Nani shrugged, relaxed.

“Meat… for me too. Then curry rice, shrimp tempura, sushi… that kind of thing, simple but good.”
Sky nodded, and he did it with a seriousness that contrasted with the lightness of the conversation. As if he were mentally taking notes, building an invisible list of things to remember.

The food had disappeared from the containers like snow under the sun, leaving only a few grains of rice and the warm smell of something shared. But the break wasn’t over yet, and time, now, seemed to stretch out, as if those few minutes had decided to take their time, now that there was nothing left to chew.

Sky had gotten up again, restless. He was stretching like a lazy cat suddenly remembering it had a body to use: arms in the air, back bending, hips swaying in slow, dance-like movements. He’d even started humming something, softly, more to distract himself than to be heard.
Nani, sitting cross-legged, had gone back to the script. His fingers held it with the same familiarity as before, but now his eyes didn’t rush—they moved slowly, scanning the lines as if searching not just for the words, but the weight behind each phrase.
He was the one to break the silence, without looking up:

“How do you not feel it, the pressure?”
Sky stopped mid-stretch, one leg extended, the other bent. He turned to him, curious.

“What do you mean?”

“This scene. It’s heavy. You… you always seem calm. Like it doesn’t get to you.”

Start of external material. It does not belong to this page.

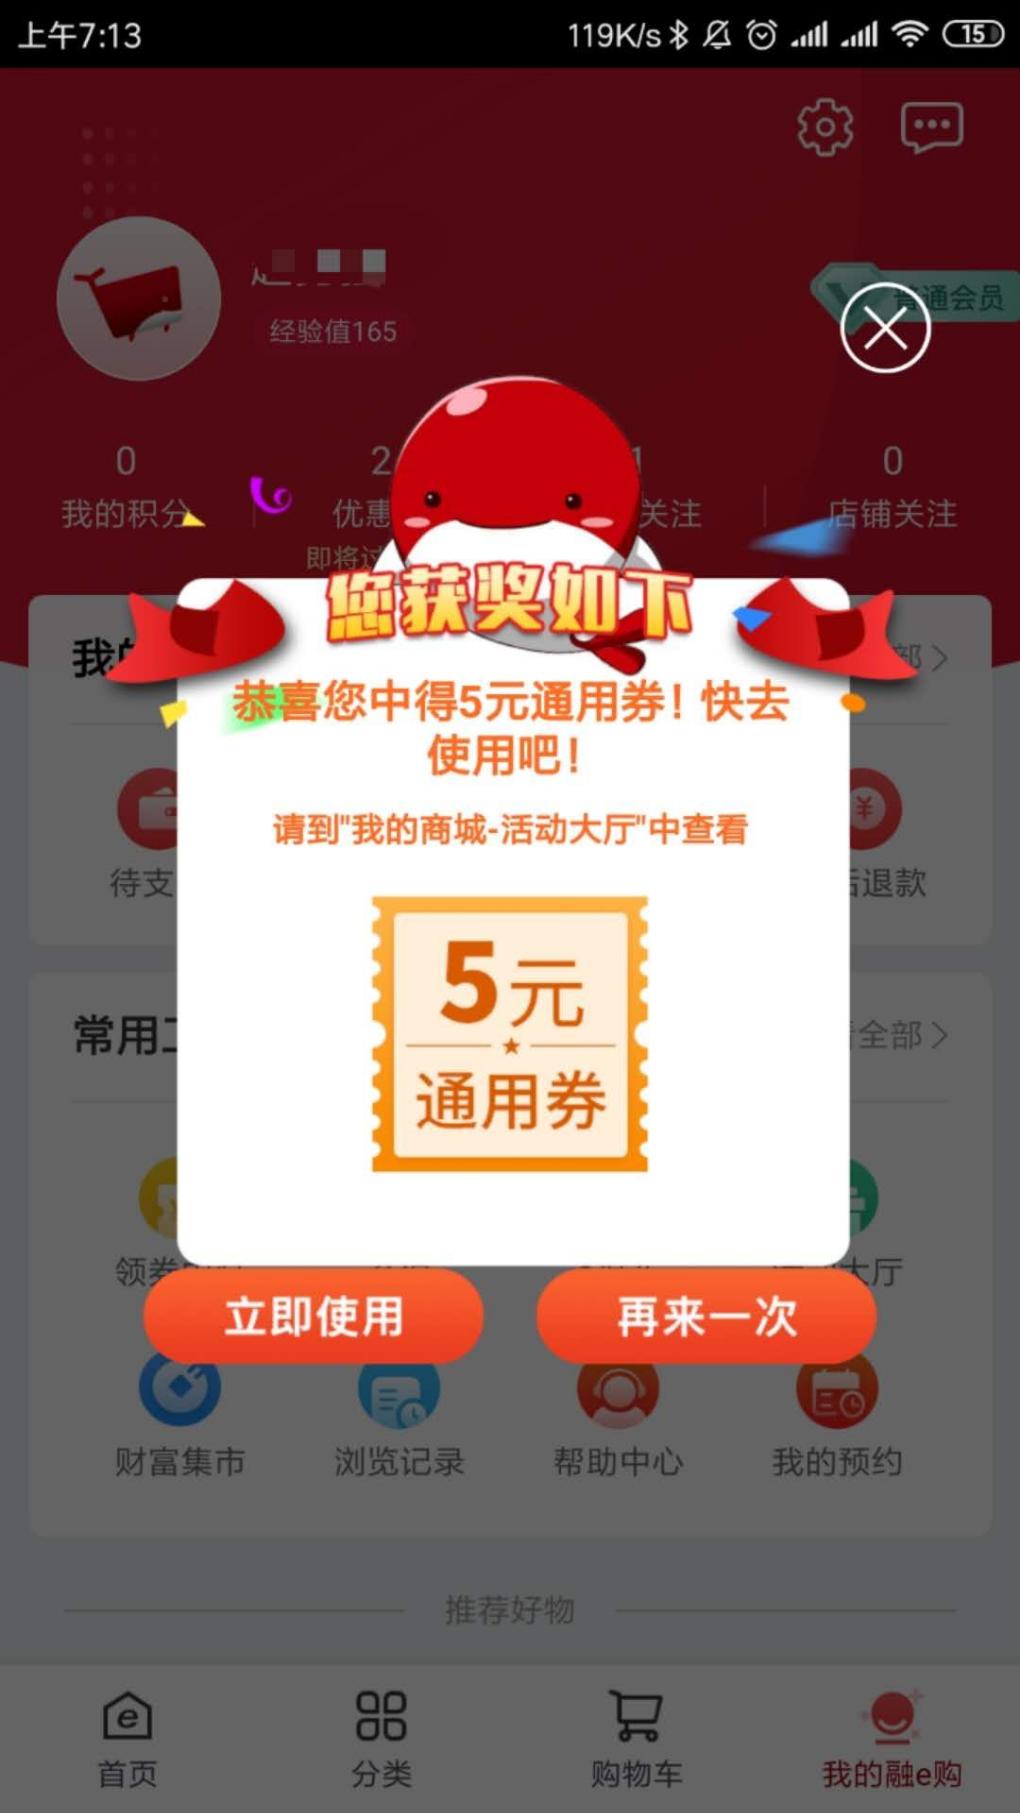 融e购-新一周5元-惠小助(52huixz.com)
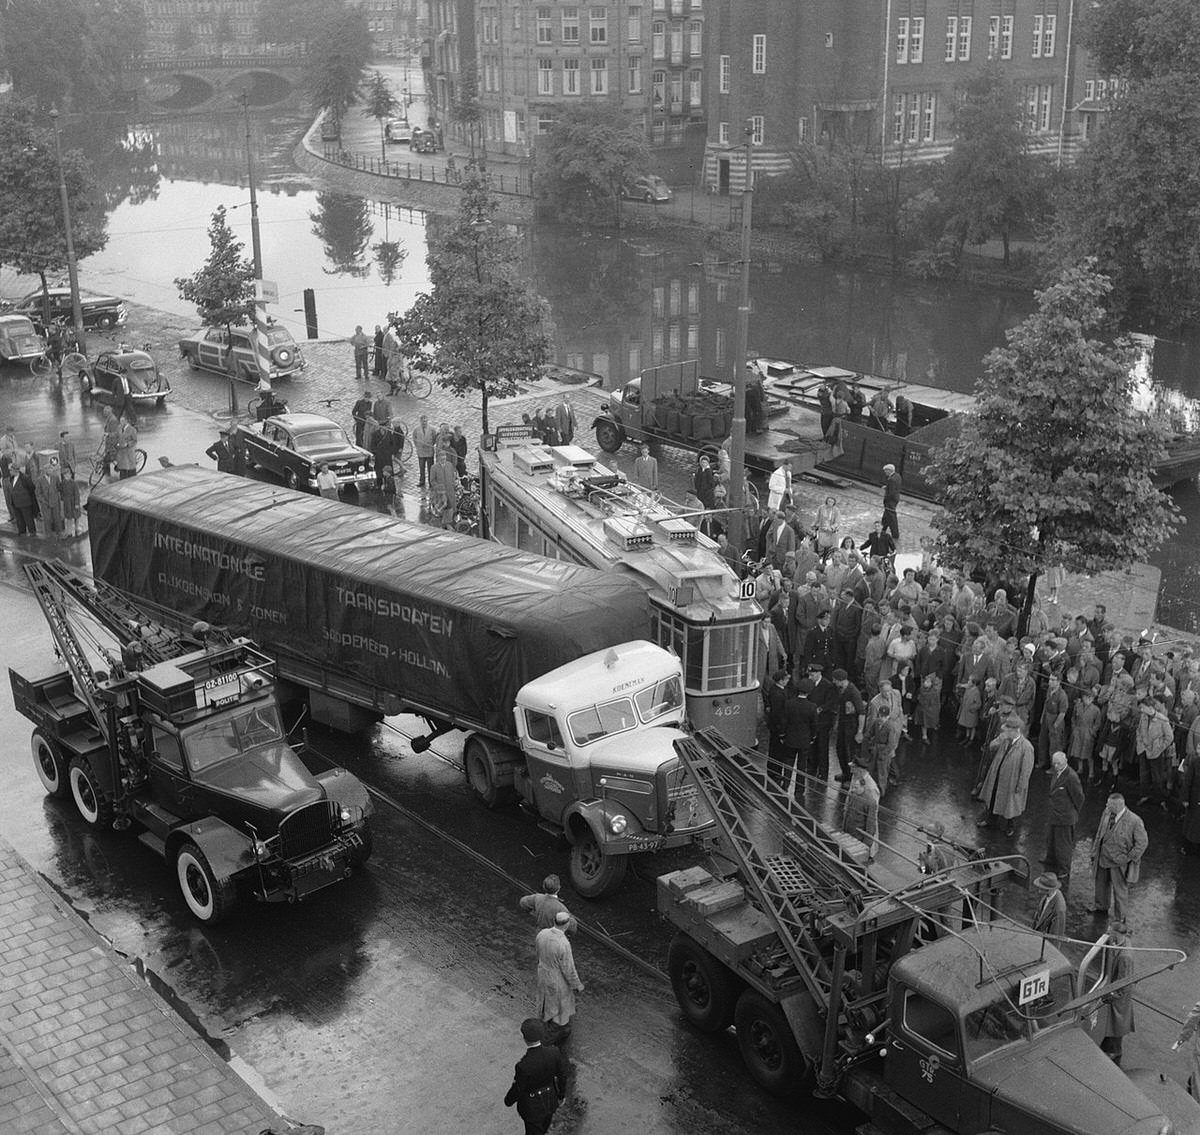 Collision of tram with truck. Koeneman & Sons Sappermeer in Amsterdam. August 3, 1956.

Sky smiled softly, then walked over at a slow pace. He crouched in front of him, eye to eye, and for a moment said nothing. He just reached out a hand, unhurried, and with two gentle fingers wiped a small green fragment from the corner of Nani’s mouth.

“Rebel veggie,” he murmured, almost fondly.

Nani didn’t move. Surprised, but not uncomfortable. There was something in the gesture that didn’t ask permission but didn’t invade either. It was just… Sky.
Then Sky let out a deep breath, almost a sigh. He sat beside him, elbow on his knee, gaze drifting forward, into nothing.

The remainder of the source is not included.